▶ [What you need to do]
The response should contain all of the data below, reproduced exactly, and no pictures.

▶ [Dataset section]
● ● ●

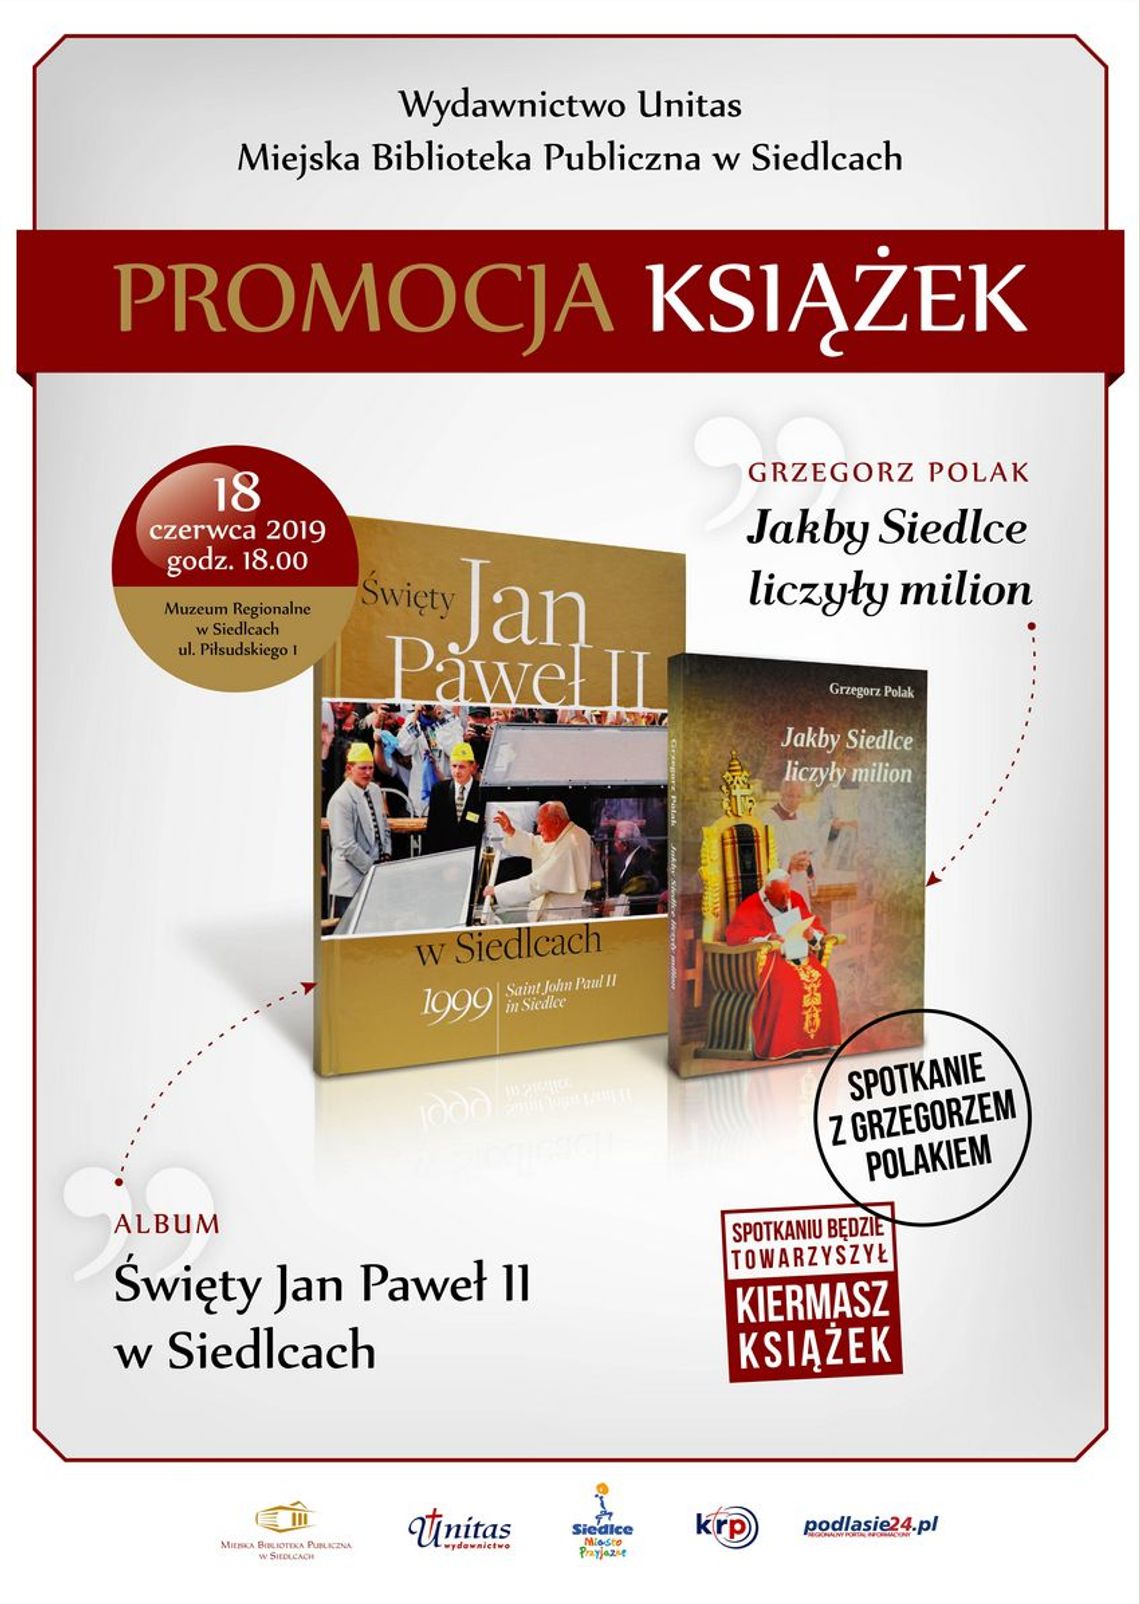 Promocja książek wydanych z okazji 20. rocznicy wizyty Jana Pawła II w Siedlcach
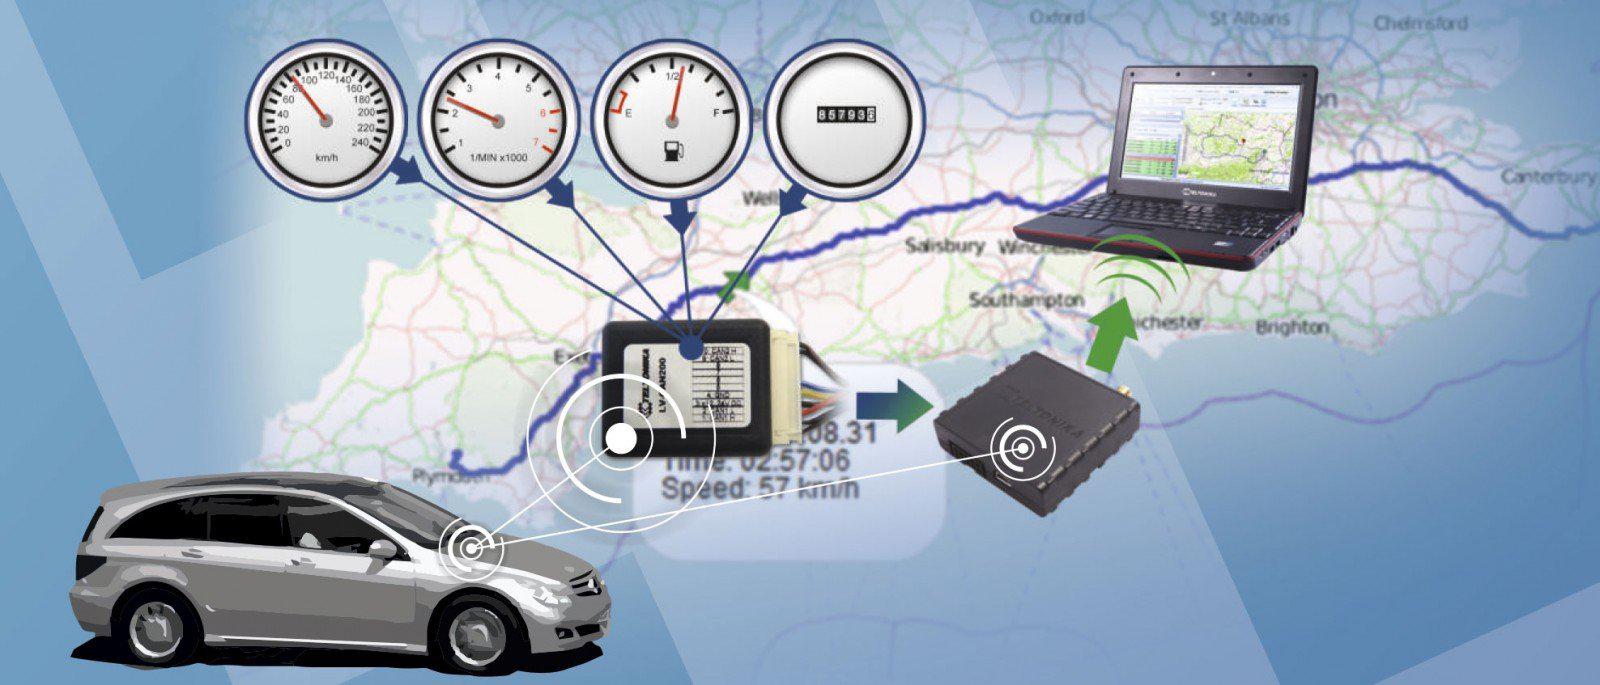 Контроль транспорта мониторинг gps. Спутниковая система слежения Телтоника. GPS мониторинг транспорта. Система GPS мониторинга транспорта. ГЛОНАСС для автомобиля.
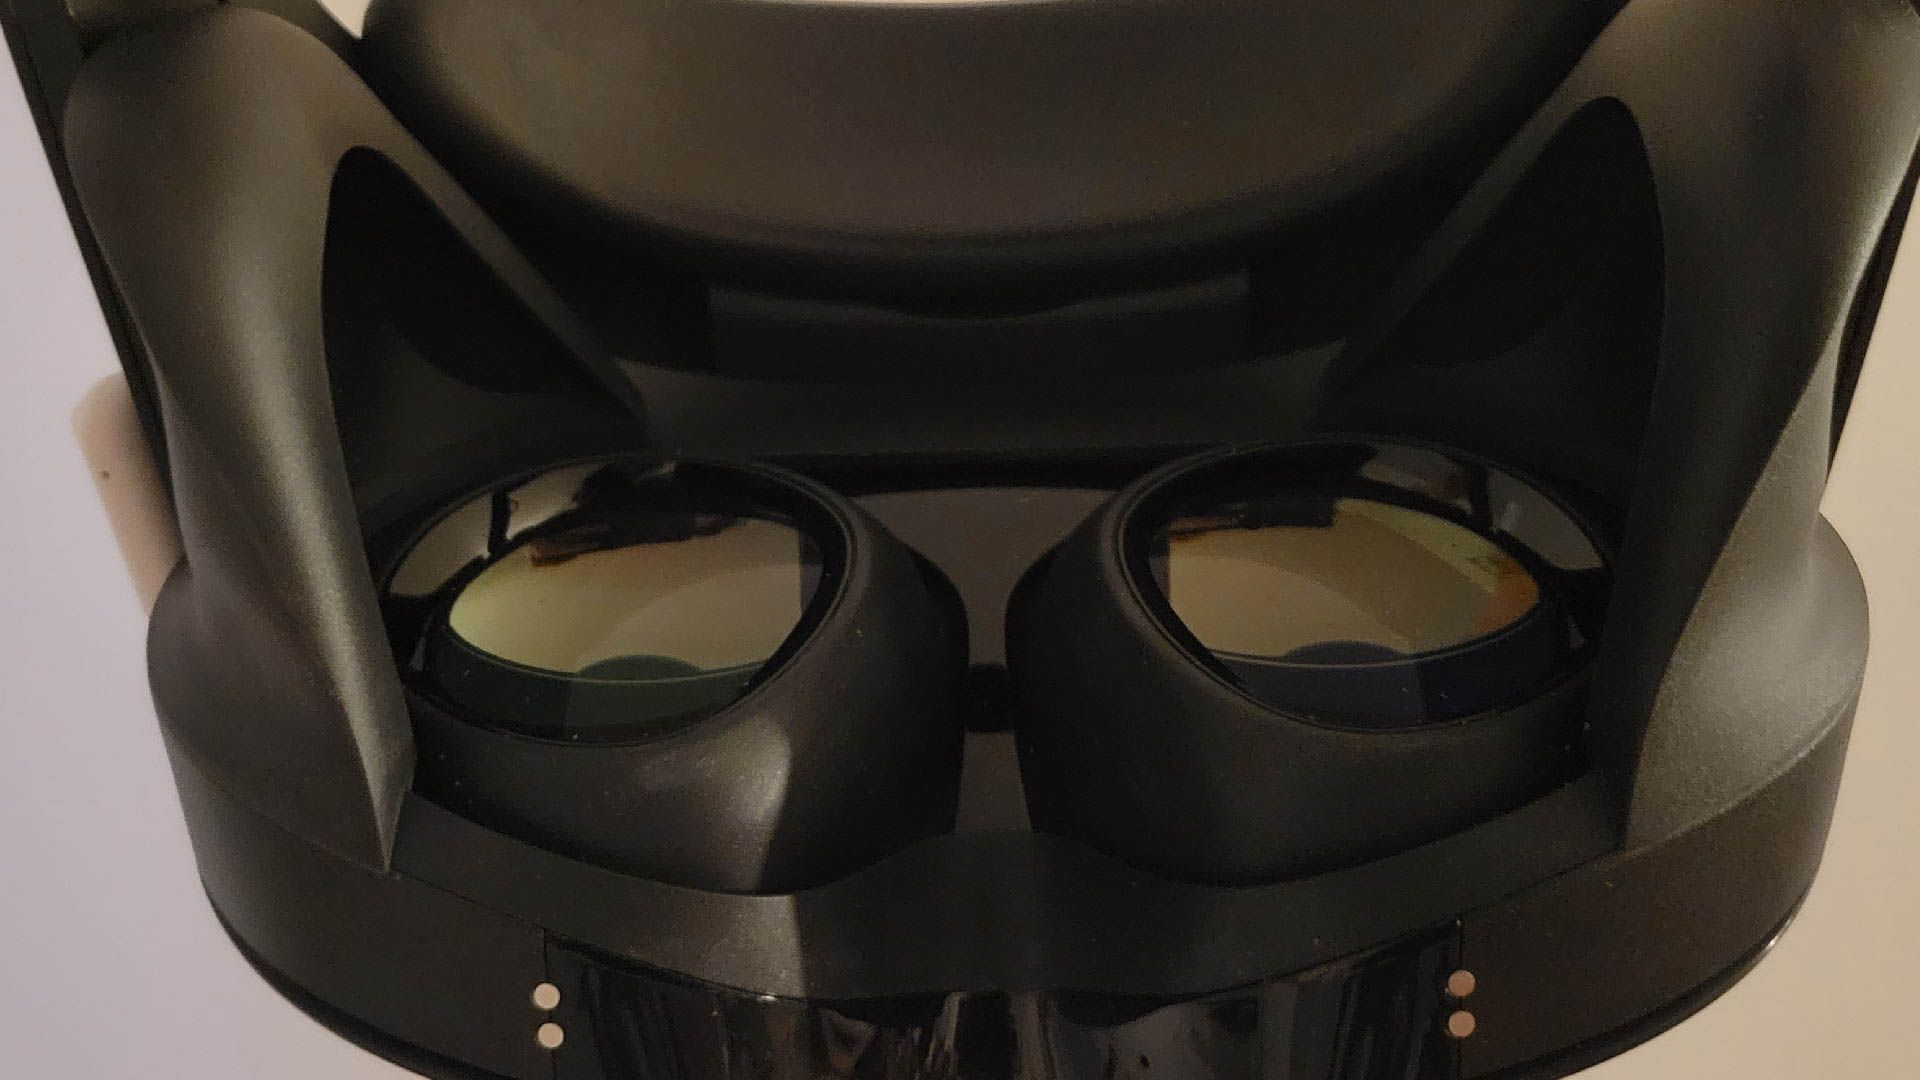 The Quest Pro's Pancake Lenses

● ● ●

▶ [Finished exercise]
 Promocja książek wydanych z okazji 20. rocznicy wizyty Jana Pawła II w Siedlcach
 Контроль транспорта мониторинг gps. Спутниковая система слежения Телтоника. GPS мониторинг транспорта. Система GPS мониторинга транспорта. ГЛОНАСС для автомобиля.
 The Quest Pro's Pancake Lenses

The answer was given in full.